## Contributed Session Wed.3.H 3503

#### Wednesday, 15:15 - 16:45 h, Room: H 3503

**Cluster 6: Derivative-free & simulation-based optimization** [...]

### Stochastic zero-order methods

**Chair: Stefan Wild and Luís Nunes Vicente**

**Wednesday, 15:15 - 15:40 h, Room: H 3503, Talk 1**

**Joao Lauro Dorneles Faco**

A continuous GRASP for global optimization with general linear constraints

**Coauthors: Mauricio G. Resende, Ricardo A. Silva**

**Abstract:**

A new variant of the global optimization method Continuous GRASP (C-GRASP) is presented. The new variant incorporates general linear constraints in addition to box constraints. C-GRASP solves continuous global optimization problems subject to box constraints by adapting the greedy randomized adaptive search procedure (GRASP) of Feo and Resende (1989) for discrete optimization. It has been applied to a wide range of continuous optimization problems. We consider the box constraints as implicit and handle the general linear equality/inequality constraints explicitly. If we are given an *m × n* matrix *A*, with *m < n*, then *m* basic variables can be eliminated from the global optimization problem. A Reduced Problem in *(n-m)* independent variables will be subject only to the box constraints. The C-GRASP solver is a derivative-free global optimization method yielding an optimal or near-optimal solution to the Reduced Problem. The basic variables can be computed by solving a system of linear equations. If all basic variables are inside the box, the algorithm stops. Otherwise a change-of-basis procedure is applied, and a new Reduced Problem is solved.
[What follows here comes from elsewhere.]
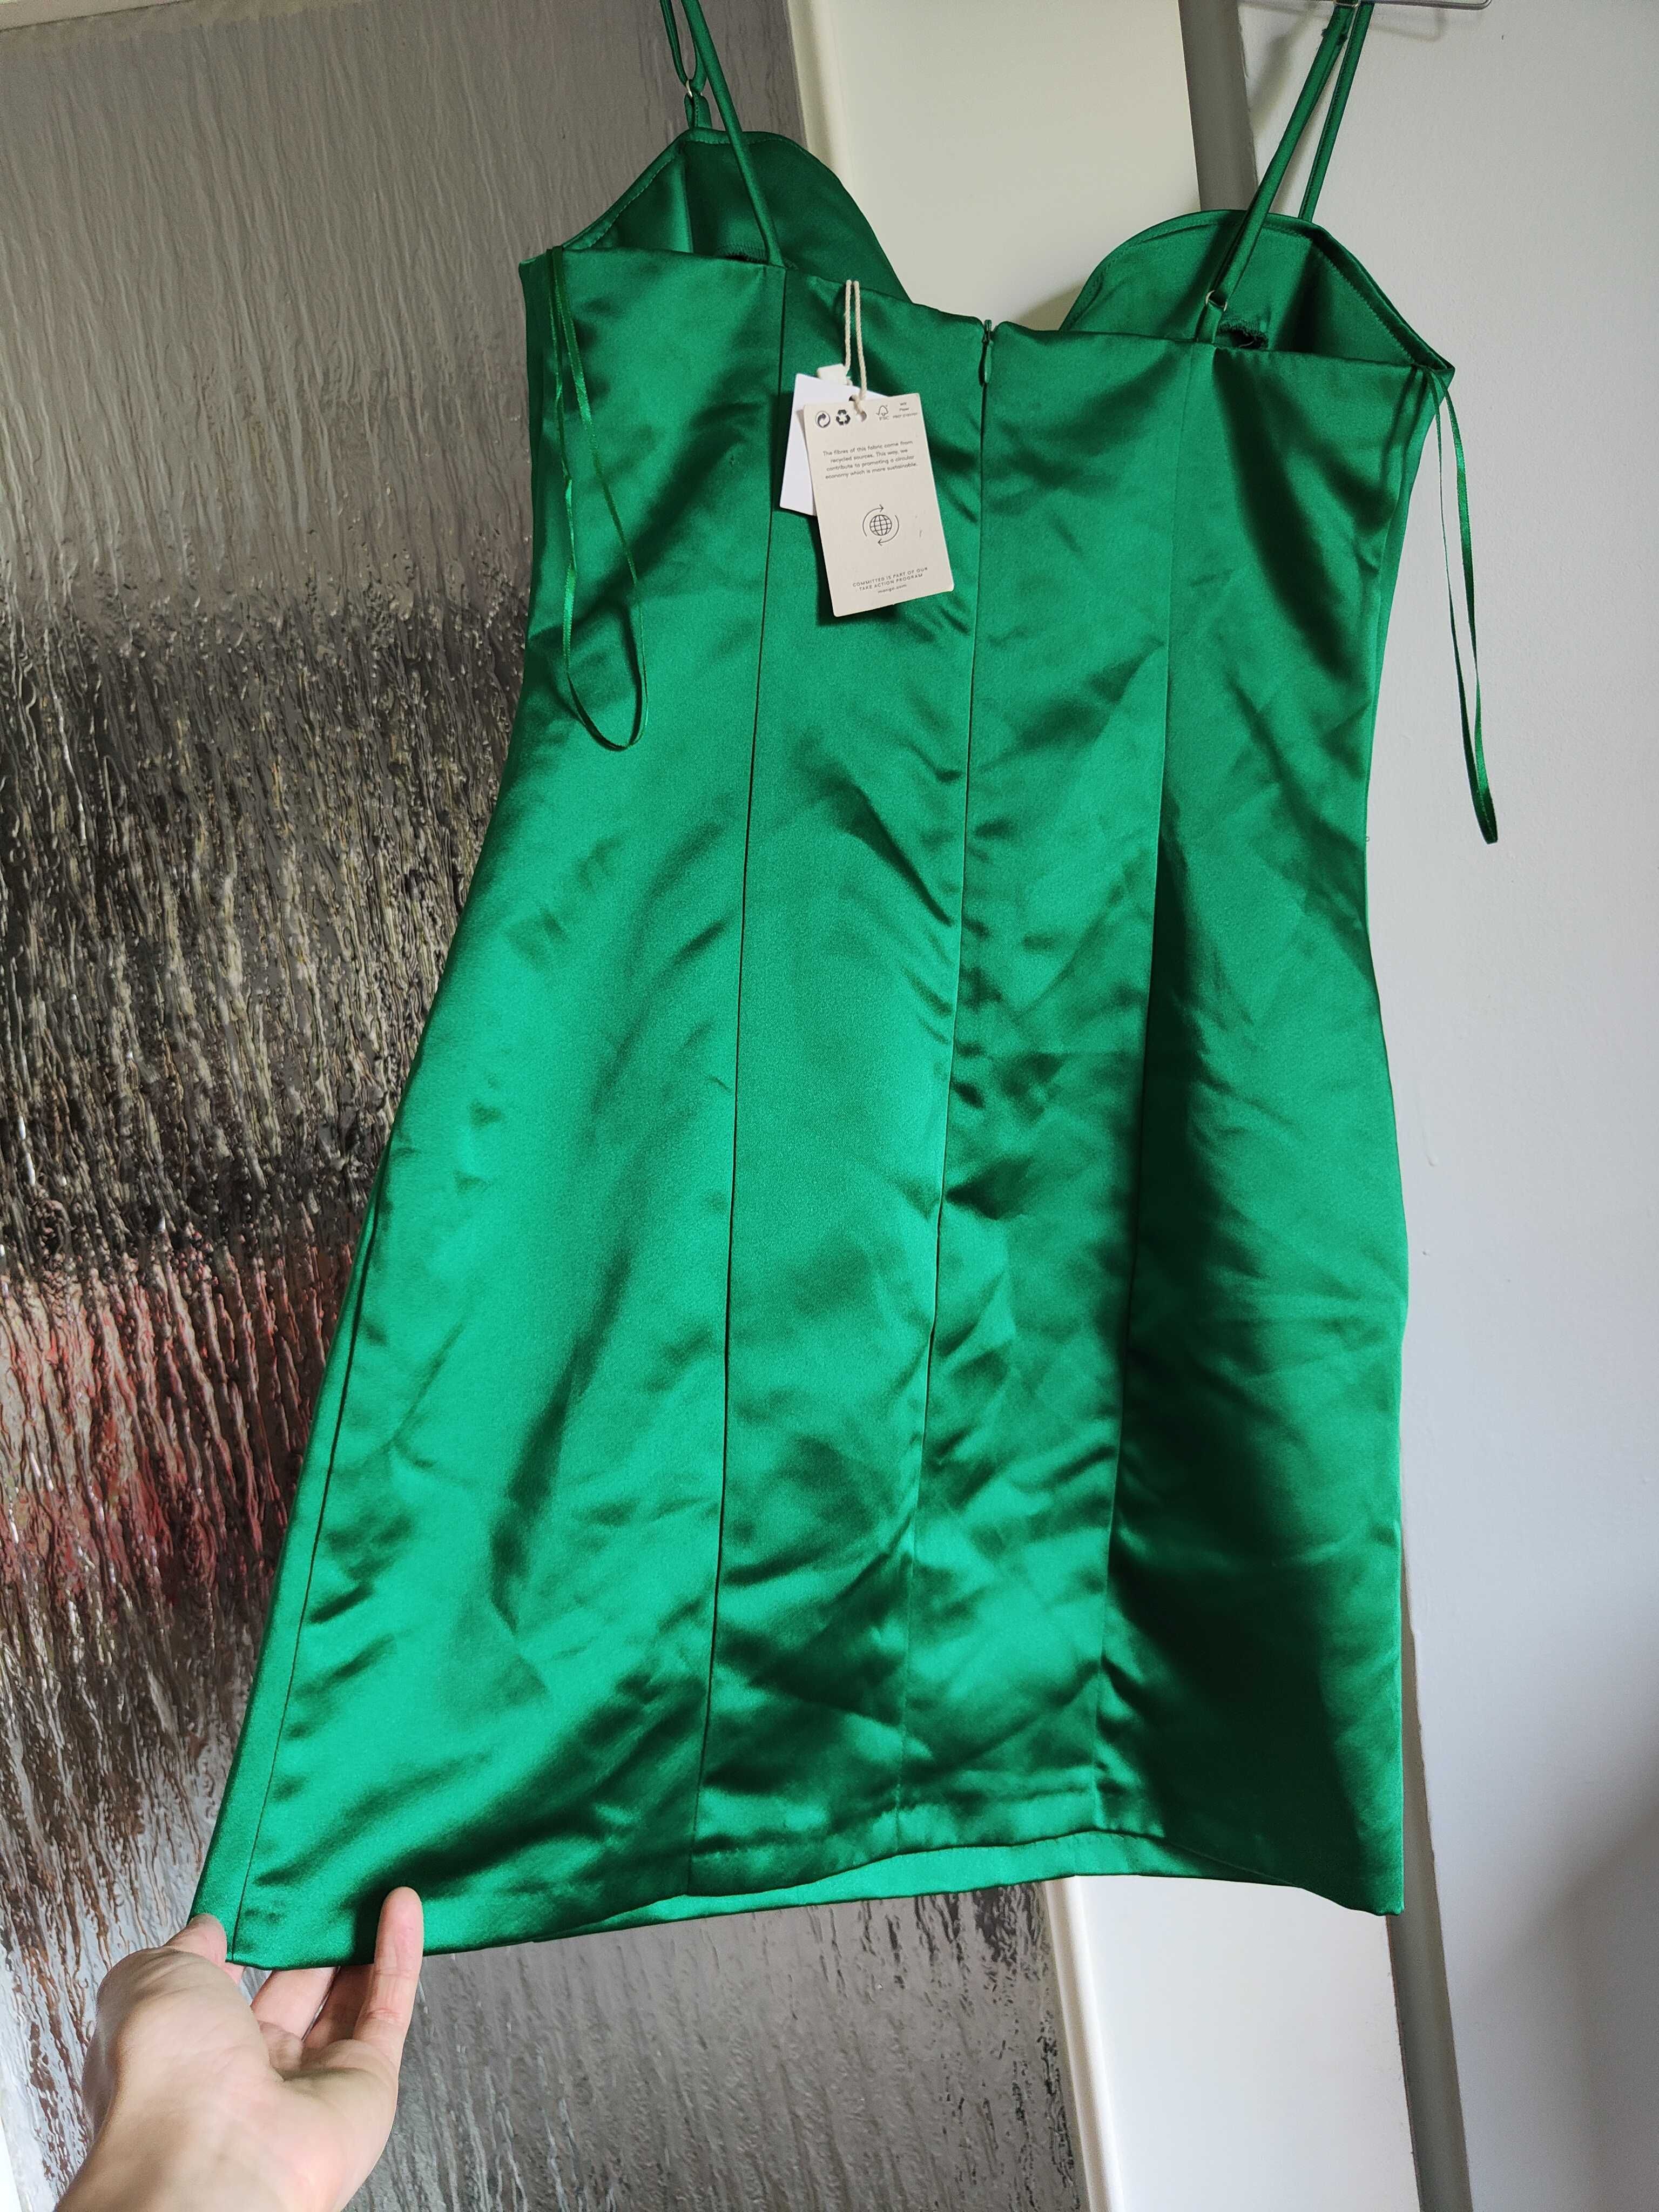 Elegancka sukienka butelkowa zieleń S nowa
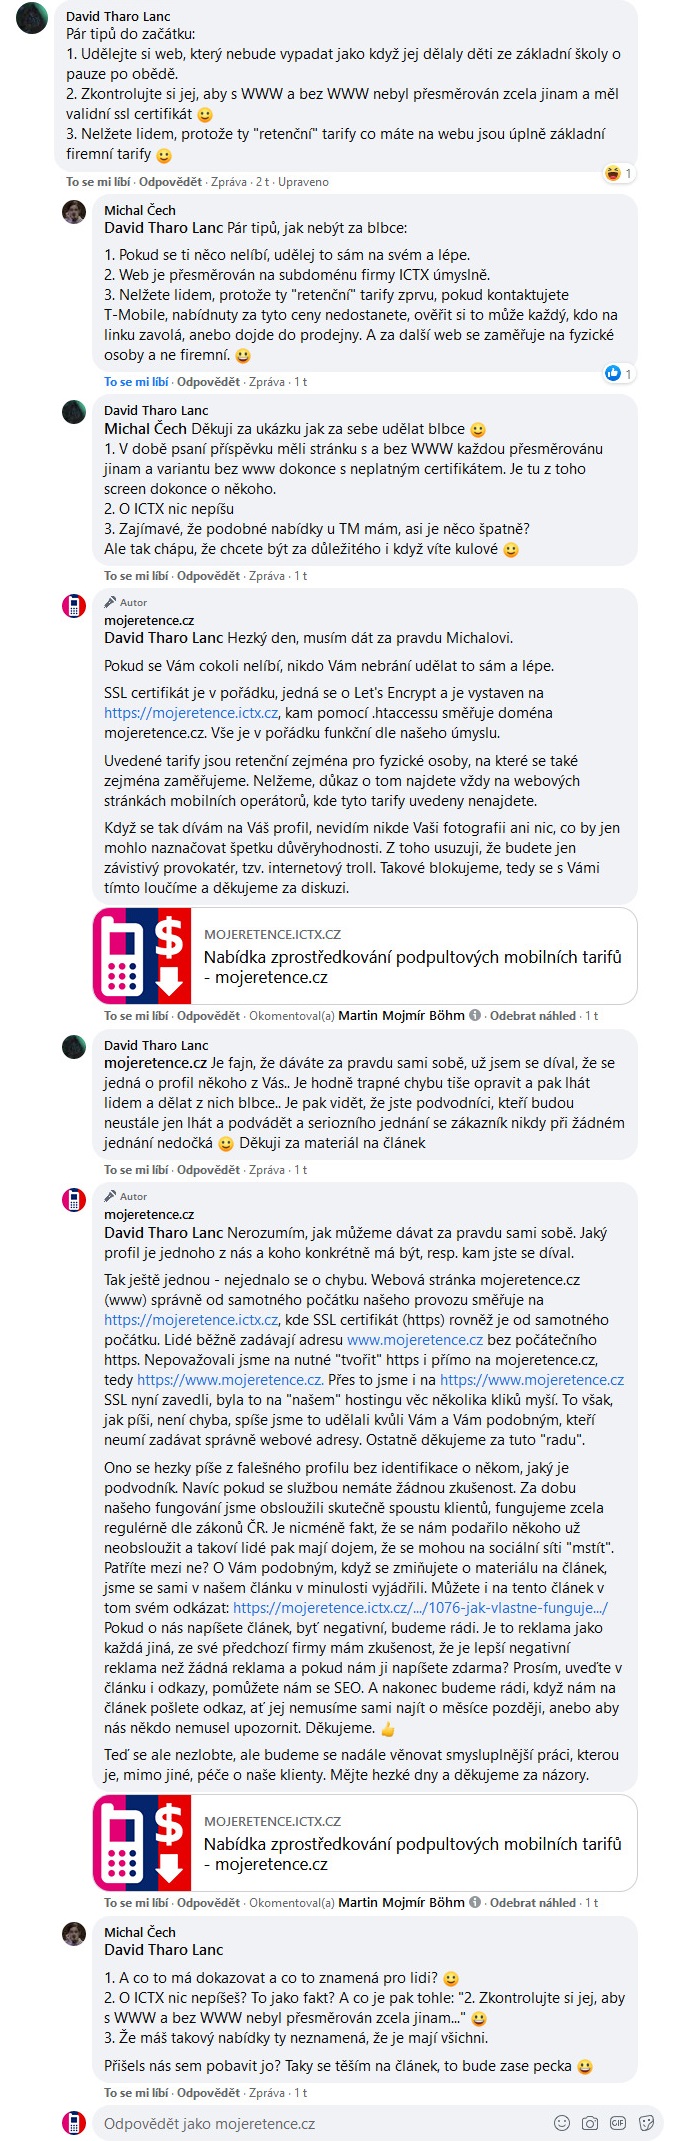 Blbec anonym na FB o článku na mojeretence.cz

**Wednesday, 15:45 - 16:10 h, Room: H 3503, Talk 2**

**Sebastian Urban Stich**

Convergence of local search

**Coauthors: Bernd Gärtner, Christian Lorenz Müller**

**Abstract:**

We study unconstrained optimization of convex functions. Many algorithms generate a sequence of improving approximate solutions to this optimization problem. Usually, these algorithms are analyzed by estimating the (expected) one-step progress. However, in case of randomized algorithms it is often difficult to obtain bounds on the variance of the whole process.

We present a general framework to analyze local search algorithms. Suppose that an algorithm proposes in each iteration exactly one new feasible solution that sufficiently improves the last iterate, i.e. a local decrease condition is satisfied. Karmanov (1974) presented a genuine method to analyze such a local search algorithm for differentiable convex functions. We extend his approach to strongly convex functions where linear convergence rates can be established with high probability. This approach can be used to analyze deterministic as well as randomized optimization algorithms. We show that for instance the Random Gradient method (Nesterov 2011), as well as Random Pursuit (Stich et al. 2011) can be analyzed by this framework. We conclude with another interesting example, namely derivative-free local metric learning.

**Wednesday, 16:15 - 16:40 h, Room: H 3503, Talk 3**

**Anne Auger**

Convergence of adaptive evolution strategies on monotonic *C*^{2}-composite and scale-invariant functions

**Coauthors: Youhei Akimoto, Nikolaus Hansen**

**Abstract:**

Evolution Strategies (ES) are stochastic search algorithms for numerical black-box optimization where a family of probability distributions is iteratively adapted to ultimately converge to a distribution concentrated on optima of the function. They are derivative-free methods using the objective function through the ranking of candidate solutions. Hence they are invariant when optimizing *f* or *g º f* where *g:***R** → **R** is monotonically increasing. Recently, some adaptive ESs where shown to be stochastic approximations of a natural gradient algorithm in the manifold defined by the family of probability distributions. An ODE is naturally associated to this natural gradient algorithm when the step-size goes to zero. Solutions of this ODE are continuous time models of the underlying algorithms.

In this talk we will present convergence results of the solutions of this ODE and prove their local convergence on monotonic *C*^{2}-composite functions towards local optima of the function. We will also present global convergence of the corresponding algorithm on some scale-invariant functions defined as functions such that *f(x) < f(y)* iff *f(s x) < f(s y)* for all *s > 0*.